Apparatus as claimed in Claim 1, wherein there are two (first and second) subsidiary ports and respective subsidiary chambers.
Apparatus as claimed in Claim 2, wherein the shutter member comprises a plate, the shutter opening being an aperture (813) therein.
Apparatus as claimed in Claim 3, wherein the plate is a disc, the aperture being off-set from the centre of the disc, and the shutter member further comprises a spindle connected to the disc for controlled rotation of the apertures about an axis.
Apparatus as claimed in Claim 4, wherein the first and second subsidiary chambers (816, 817) are spaced bores in a body portion (809) of the valve, whose respective ends lie in a common plane sealing against the disc.
Apparatus as claimed in any one of Claims 2 to 5, wherein the minimum cross-section of the first subsidiary chamber (816) is substantially larger than that of the second subsidiary chamber (817).

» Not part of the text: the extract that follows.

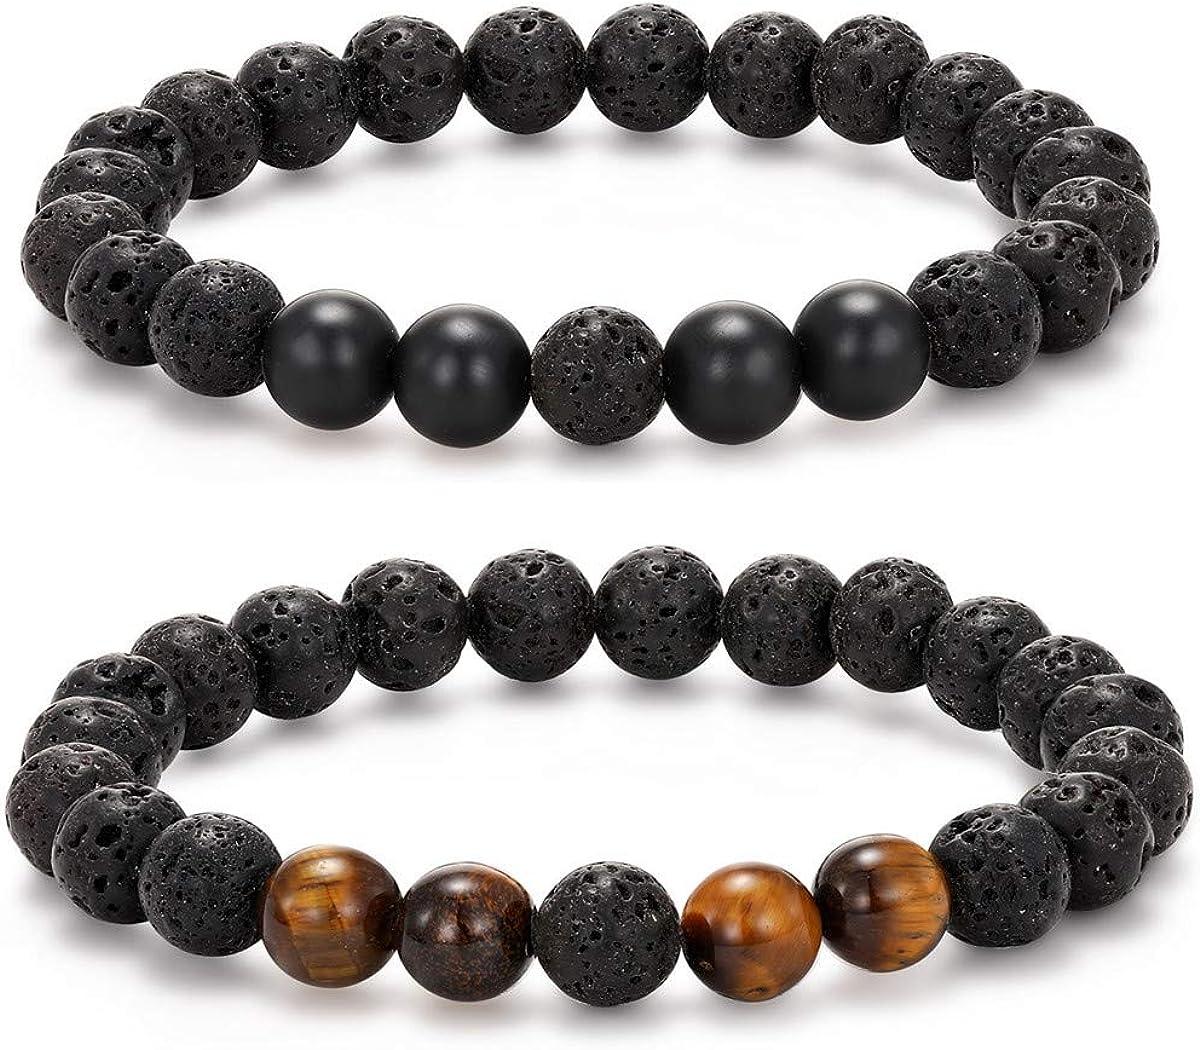 MengPa Lava Rock Bracelet Yoga Aromatherapy Anxiety Essential Oil Diffuser Volcanic Stone Bead Bangle for Women Men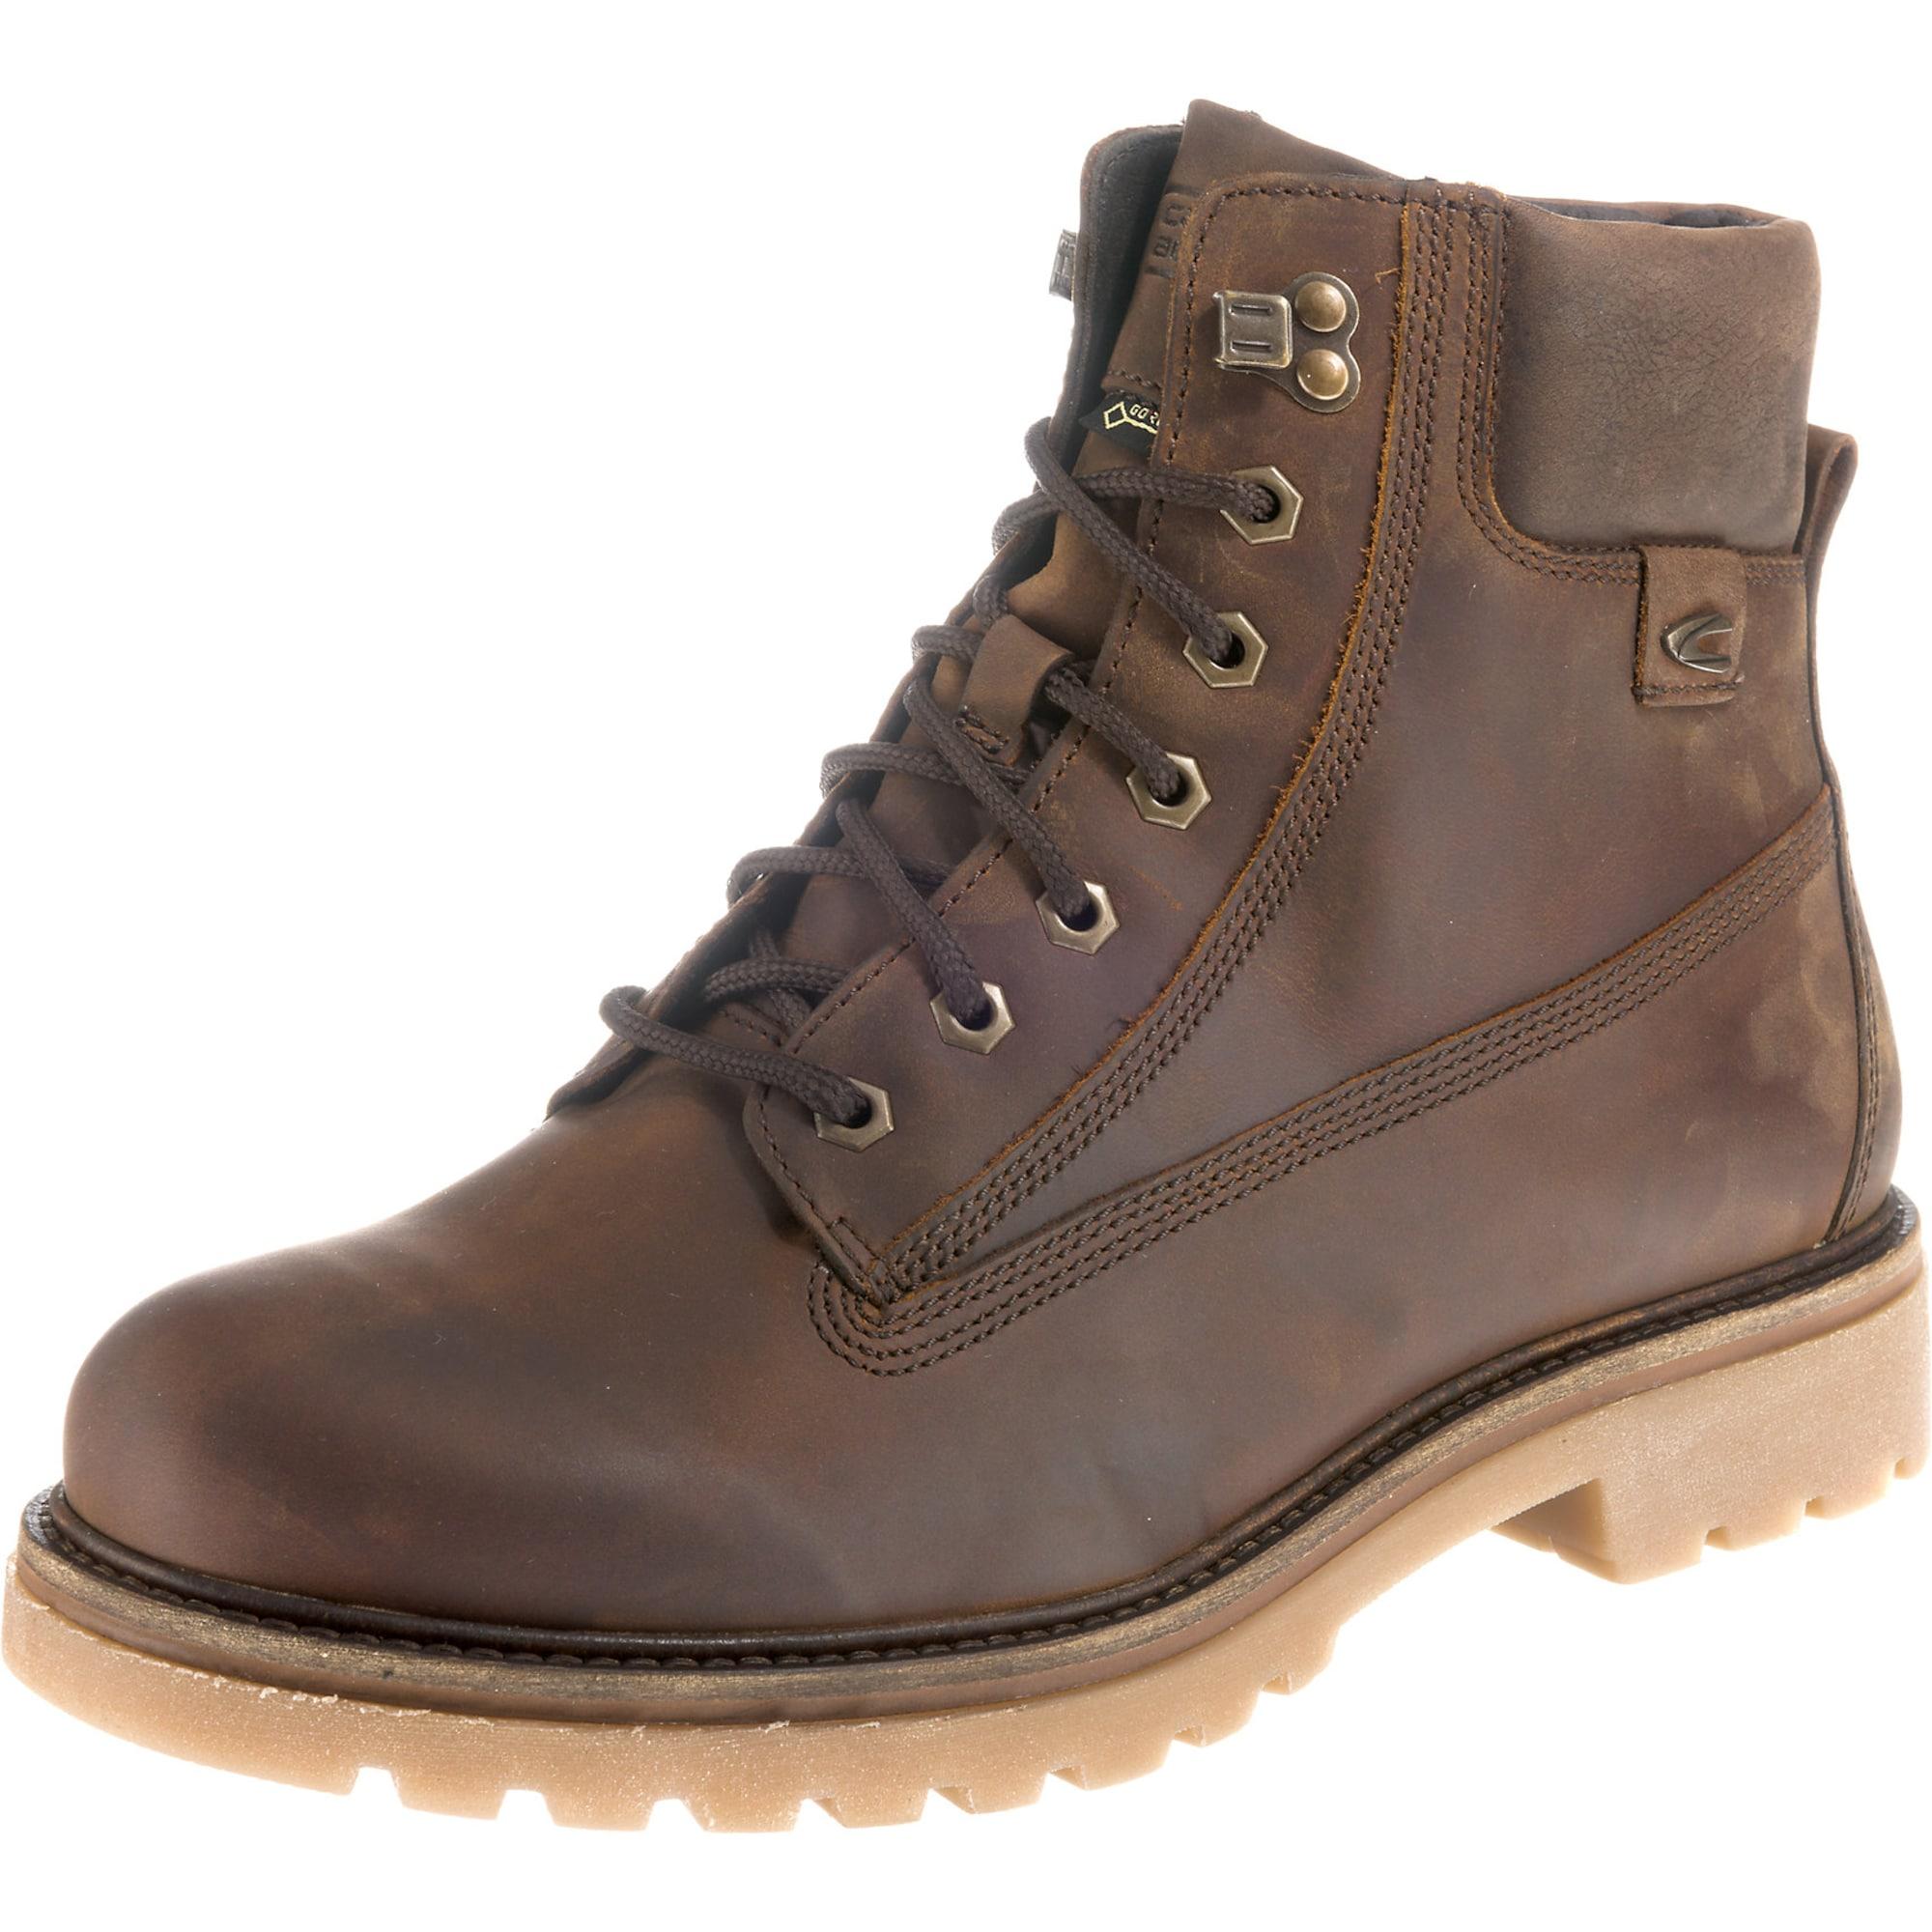 Winterstiefel 'Canberra GTX 11' | Schuhe > Boots > Winterstiefel | Mokka | camel active

Apparatus as claimed in any preceding claim, further comprising at least one accumulator reservoir (C,D) connected between one of said first and second subsidiary ports (814, 815) and its respective source of gas pressure.
Apparatus as claimed in any preceding claim, wherein the apparatus includes a pressure sensor (805,F) for sensing gas pressure at or adjacent said main port or in said ventilator enclosure.
Apparatus as claimed in any preceding claim, which includes electronic circuitry (M) for controlling said stepper motor (B) to produce movement of said shutter member to provide a desired pattern of pressure changes at or adjacent said main port or in said ventilator.